1D Speckle Tracking Scan

Speckle Tracking update procedure of one-dimensional scan doesn’t differ much from the case of two-dimensional scan. See Diatom for an example.

1D Scan CXI File

In order to obtain the file generate it using Speckle Tracking Simulation. The file has the following structure:

$ h5ls -r results/sim_results/data.cxi
/                        Group
/entry_1                 Group
/entry_1/data_1          Group
/entry_1/data_1/data     Dataset {200, 1, 2000}
/entry_1/instrument_1    Group
/entry_1/instrument_1/detector_1 Group
/entry_1/instrument_1/detector_1/basis_vectors Dataset {200, 2, 3}
/entry_1/instrument_1/detector_1/distance Dataset {SCALAR}
/entry_1/instrument_1/detector_1/x_pixel_size Dataset {SCALAR}
/entry_1/instrument_1/detector_1/y_pixel_size Dataset {SCALAR}
/entry_1/instrument_1/source_1 Group
/entry_1/instrument_1/source_1/energy Dataset {SCALAR}
/entry_1/instrument_1/source_1/wavelength Dataset {SCALAR}
/entry_1/sample_1        Group
/entry_1/sample_1/geometry Group
/entry_1/sample_1/geometry/translations Dataset {200, 3}
/frame_selector          Group
/frame_selector/good_frames Dataset {200}
/speckle_tracking        Group
/speckle_tracking/defocus Dataset {SCALAR}
/speckle_tracking/mask   Dataset {1, 2000}
/speckle_tracking/roi    Dataset {4}
/speckle_tracking/whitefield Dataset {1, 2000}

The file contains a ptychograph (set of frames summed over one of detector axes) of 200 frames.

Loading the file

Load the file with pyrost.STLoader. In the case of simulated data you can import the protocol file, which is located in the same folder with data.cxi.

>>> import pyrost as rst
>>> protocol = rst.Protocol.import_ini('results/sim_results/protocol.ini')
>>> loader = rst.loader(protocol=protocol)
>>> data = loader.load('results/sim_results/data.cxi')

Speckle Tracking update

You can perform the Speckle Tracking procedure with pyrost.SpeckleTracking.

Note

You should pay outmost attention to choose the right length scales of reference image and pixel mapping (ls_ri, ls_pm). Essentually they stand for high frequency cut-off of the measured data, it helps to supress Poisson noise. If the values are too high you’ll lose useful information.
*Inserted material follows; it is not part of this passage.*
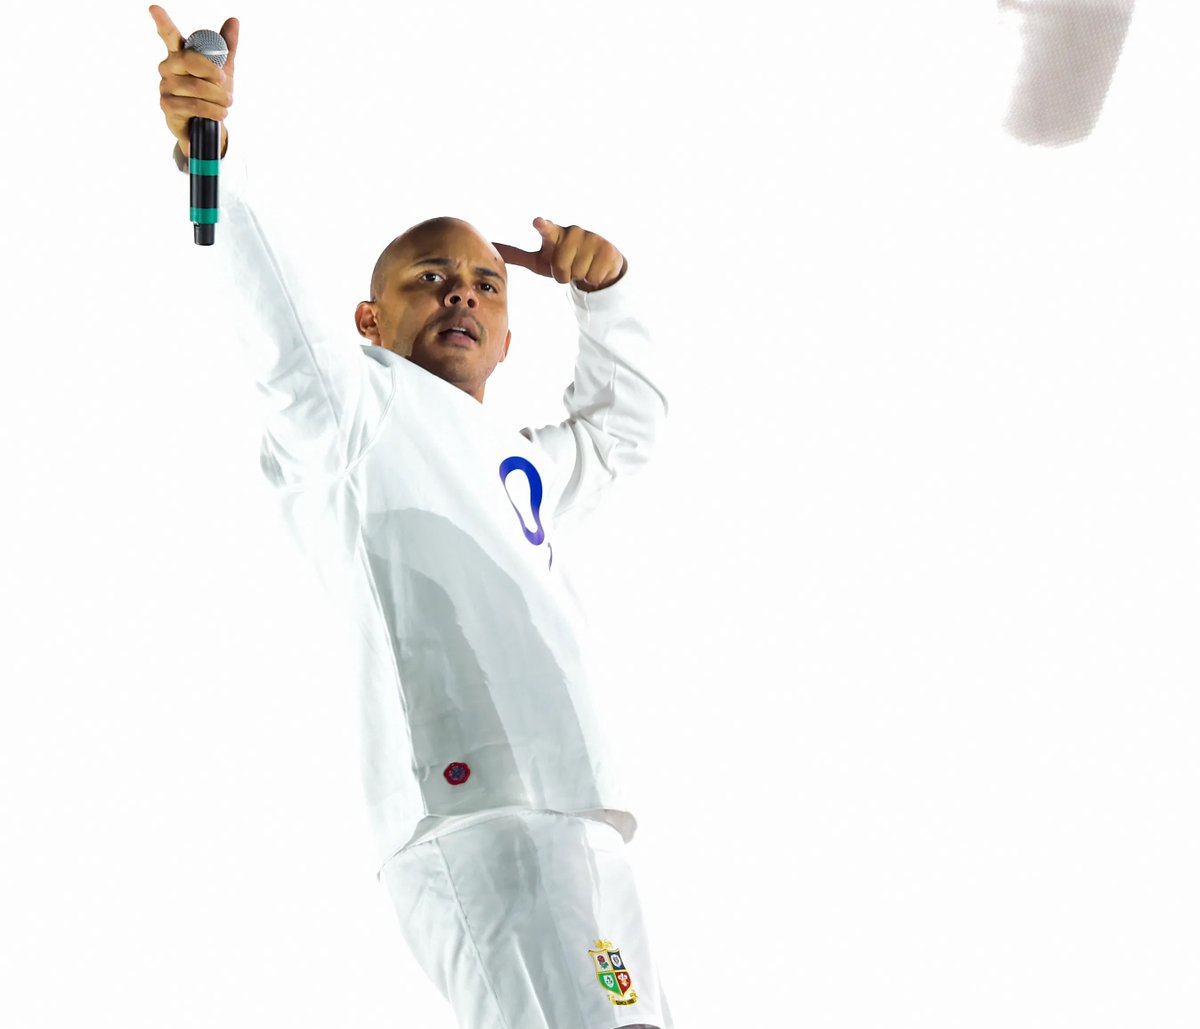 All three members of Major Lazer pairing long sleeve England classic jerseys with Lions shorts in what is best described as a 'bold choice' at Glastonbury in 2017

If the values are too low in presence of high noise, you won’t get accurate results.

>>> st_obj = data.get_st()
>>> st_res, errors = st_obj.iter_update(sw_fs=10, ls_pm=2.5, ls_ri=5, verbose=True, n_iter=10)
Initial MSE = 0.267591
Iteration No. 1: Total MSE = 0.229052
Iteration No. 2: Total MSE = 0.188193
Iteration No. 3: Total MSE = 0.157726
Iteration No. 4: Total MSE = 0.137449
Iteration No. 5: Total MSE = 0.125132
Iteration No. 6: Total MSE = 0.118468
Iteration No. 7: Total MSE = 0.114671
Iteration No. 8: Total MSE = 0.112955
Iteration No. 9: Total MSE = 0.112231
Iteration No. 10: Total MSE = 0.111924

OR you can perform iterative update, where the reference image length scale is updated based on gradeint descent with momentum algorithm, which in general gives lower final error.
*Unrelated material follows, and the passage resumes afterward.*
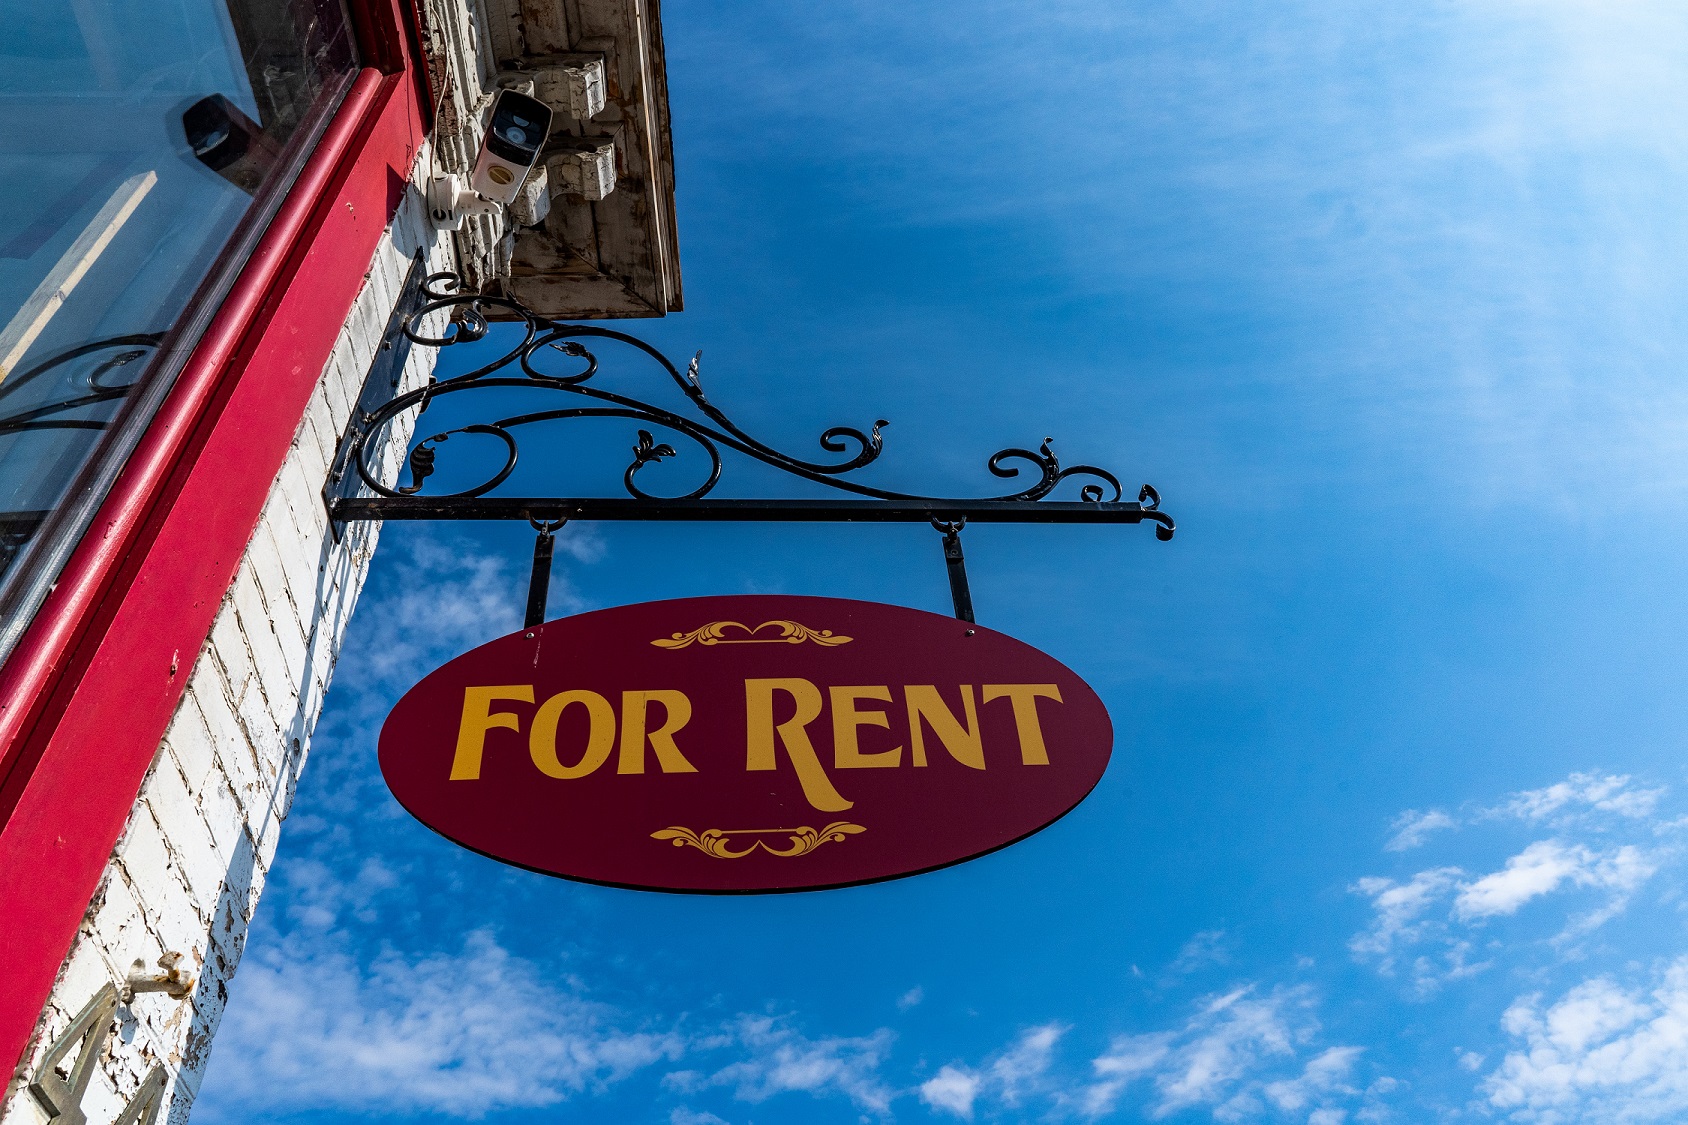 The side of a building with a "for rent" sign hanging against a clear blue sky.

>>> st_obj = data.get_st()
>>> st_res = st_obj.iter_update_gd(sw_fs=8, ls_pm=2.5, ls_ri=50., verbose=True, n_iter=20)
Initial MSE = 0.179852, Initial ls_ri = 50.00
Iteration No. 1: Total MSE = 0.144939, ls_ri = 51.46
Iteration No. 2: Total MSE = 0.113126, ls_ri = 52.37
Iteration No. 3: Total MSE = 0.088769, ls_ri = 52.70
Iteration No. 4: Total MSE = 0.070811, ls_ri = 51.99
Iteration No. 5: Total MSE = 0.058375, ls_ri = 50.74
Iteration No. 6: Total MSE = 0.050156, ls_ri = 48.79
Iteration No. 7: Total MSE = 0.044550, ls_ri = 46.61
Iteration No. 8: Total MSE = 0.040678, ls_ri = 44.36
Iteration No. 9: Total MSE = 0.038191, ls_ri = 42.28
Iteration No. 10: Total MSE = 0.036637, ls_ri = 40.21
Iteration No. 11: Total MSE = 0.035661, ls_ri = 38.12
Iteration No. 12: Total MSE = 0.034942, ls_ri = 36.07
Iteration No. 13: Total MSE = 0.034417, ls_ri = 34.13
Iteration No. 14: Total MSE = 0.034110, ls_ri = 32.35
Iteration No. 15: Total MSE = 0.034038, ls_ri = 30.79
Iteration No. 16: Total MSE = 0.034014, ls_ri = 29.45
Iteration No. 17: Total MSE = 0.034177, ls_ri = 28.35
Iteration No. 18: Total MSE = 0.034302, ls_ri = 27.75
Iteration No. 19: Total MSE = 0.034382, ls_ri = 27.54
Iteration No. 20: Total MSE = 0.034349, ls_ri = 27.64

>>> fig, axes = plt.subplots(1, 2, figsize=(16, 6)) 
>>> axes[0].plot(np.arange(st_res.reference_image.shape[1]) - st_res.m0, 
>>>              st_res.reference_image[0]) 
>>> axes[0].set_title('Reference image', fontsize=20) 
>>> axes[1].plot((st_res.pixel_map - st_obj.pixel_map)[1, 0]) 
>>> axes[1].set_title('Pixel mapping', fontsize=20) 
>>> for ax in axes: 
>>>     ax.tick_params(labelsize=15) 
>>>     ax.set_xlabel('Fast axis, pixels', fontsize=20) 
>>> plt.show() 

Phase reconstruction

After we got the pixel map we’re able to reconstruct the phase profile and fit it with polynomial function.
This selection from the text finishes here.